When teaching children with a math learning disability, its critical to understand their characteristics of attention deficit disorder or executive function disorder, to best determine the appropriate accommodation or intervention to help the be more successful in class.

Understanding Accommodation and Intervention? Accommodation means to change the environment to help the student be successful. Intervention means to change a child’s skill level by teaching or motivating so that he or she can perform tasks and accomplish goals more successfully.

With regards to a student with a math learning disability, and always when teaching children with ADHD or executive function disorder, a teacher must use his or her best assessment skills to examine the characteristics of attention deficit disorder in a child in order to best determine which teaching style and changes to classroom environment and would be most helpful to the student.

Sometimes only accommodation makes sense. If a child has a vision problem that can only be addressed with glasses, we get the glasses. We have changed the physical environment so he can be more successful at seeing. We didn’t teach him anything, and we didn’t try to. There wasn’t a practical way to help him grow to handle the challenge independently – we just need to give him the glasses.

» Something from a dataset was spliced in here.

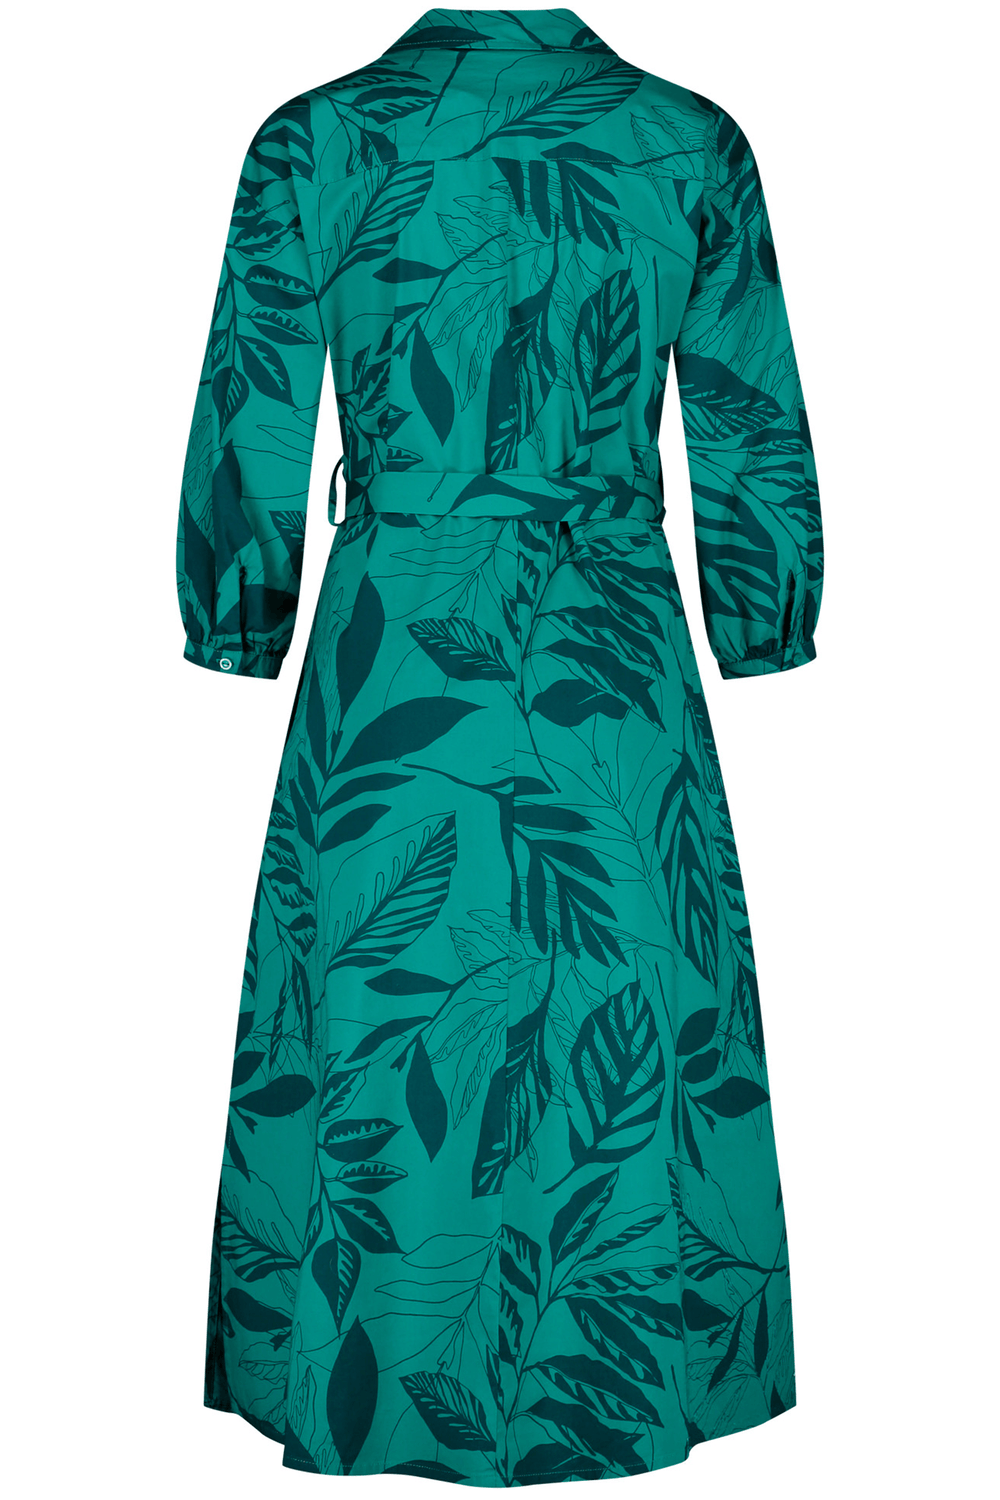 Gerry Weber 780011-31513 5111 Green Seaweed Pine Print Dress - Shirley Allum Boutique
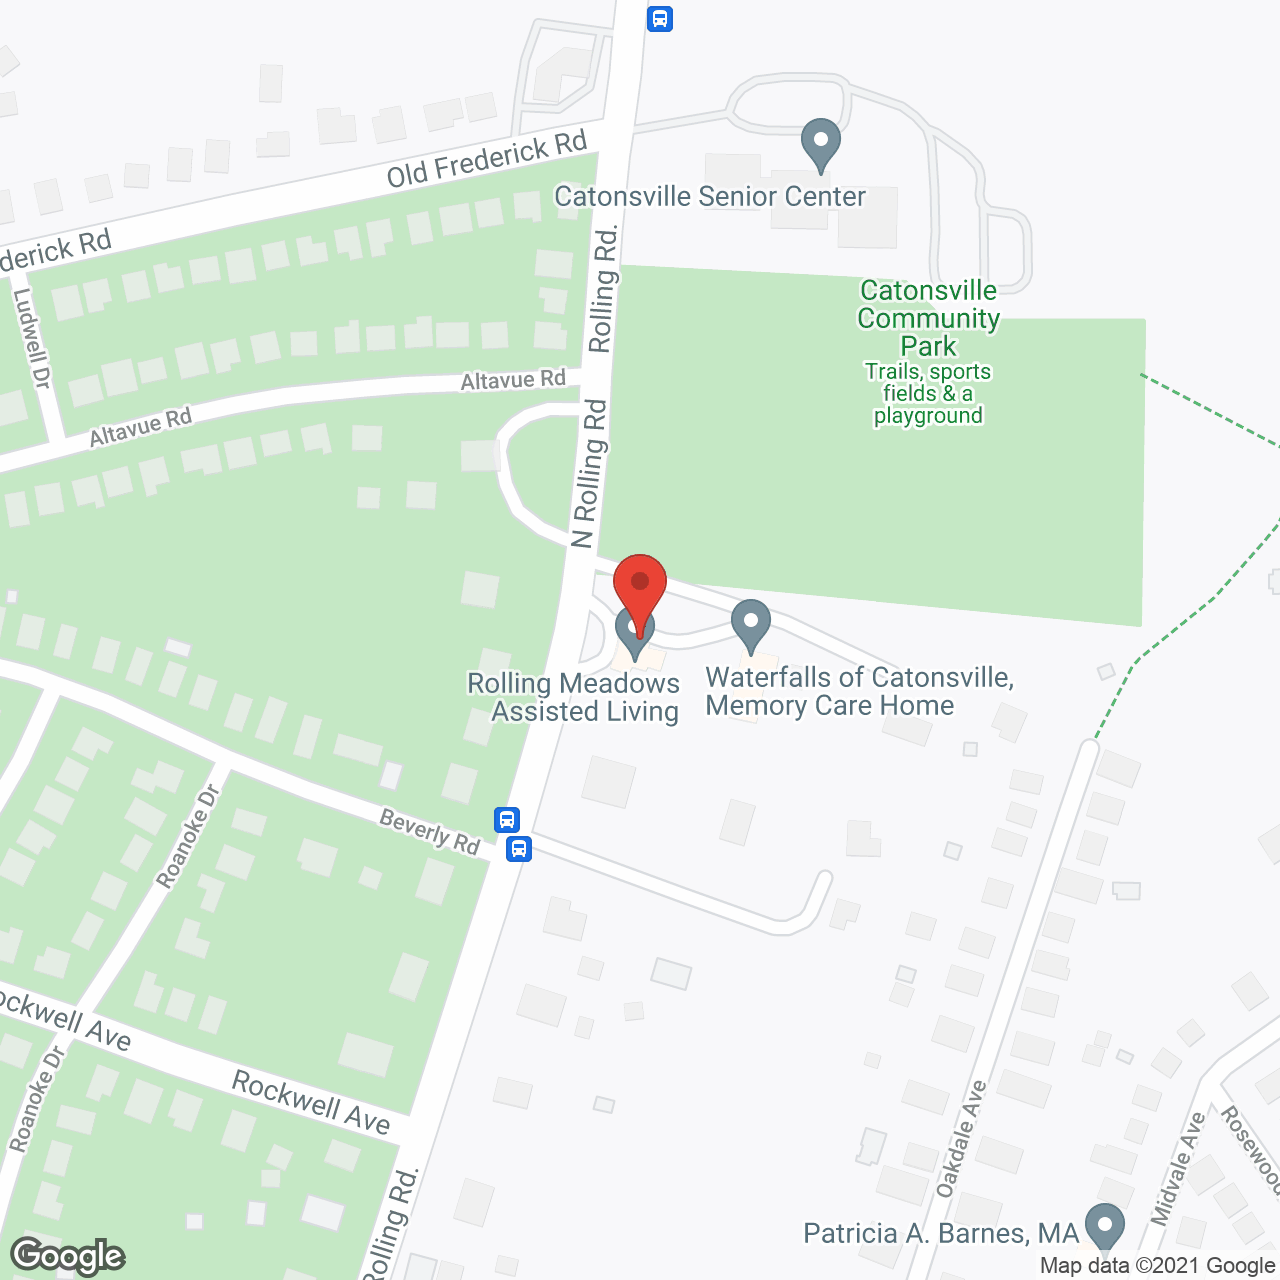 Rolling Meadows in google map

Combining Accommodation and Intervention Sometimes a combination of approaches makes sense. After a foot or leg injury, a child might have a number of accommodations, such as crutches and someone to carry his bookbag, to enable him to get around. At the same time, he might have interventions such as physical therapy, stretches or exercises to develop his ability to recover quickly and well and thereby get around independently. The accommodations are enabling him to be successful while he’s in the process of developing his independence.

Very often, however, a math learning disability can be looked at from one perspective or another. For example, some characteristics of attention deficit disorder or executive function disorder could cause an eighth grade student to be unable to perform decimal operations successfully when doing the calculations with paper and pencil. (This is normally an upper elementary math skill.)

A calculator is a useful accomodation to aid some characteristics of attention deficit disorder. But when we give her a calculator, and mandate that she use it for homework and tests, we’ve made an accommodation. We have modified the task so that she can do it successfully. Before she couldn’t get the answer to
1.2 ∙0.05 or 5.6 ÷0.07
and now she can.

Before her math learning disability held her back from solving percent word problems, even when she got the basic idea of the problem, because of her skills weakness, but now she can.

What is an Intervention? An intervention would be to find a way to teach her how to perform decimal operations herself. In this, the accommodation is certainly a whole lot easier.

For some children it may well be the only practical approach. But with some characteristics of attention deficit disorder and with executive function disorder, often the intervention has great educational and developmental advantages.

The child is taught to face her math learning disability and overcome a challenge. Her resourcefulness and persistence are built up. Her self-esteem is developed by achieving a goal. (How do you think the calculator accommodation affects her self-esteem?)

And from the specific math learning disability perspective, learning decimal multiplication isn’t just about the immediate answer; it is about understanding how our decimal system works.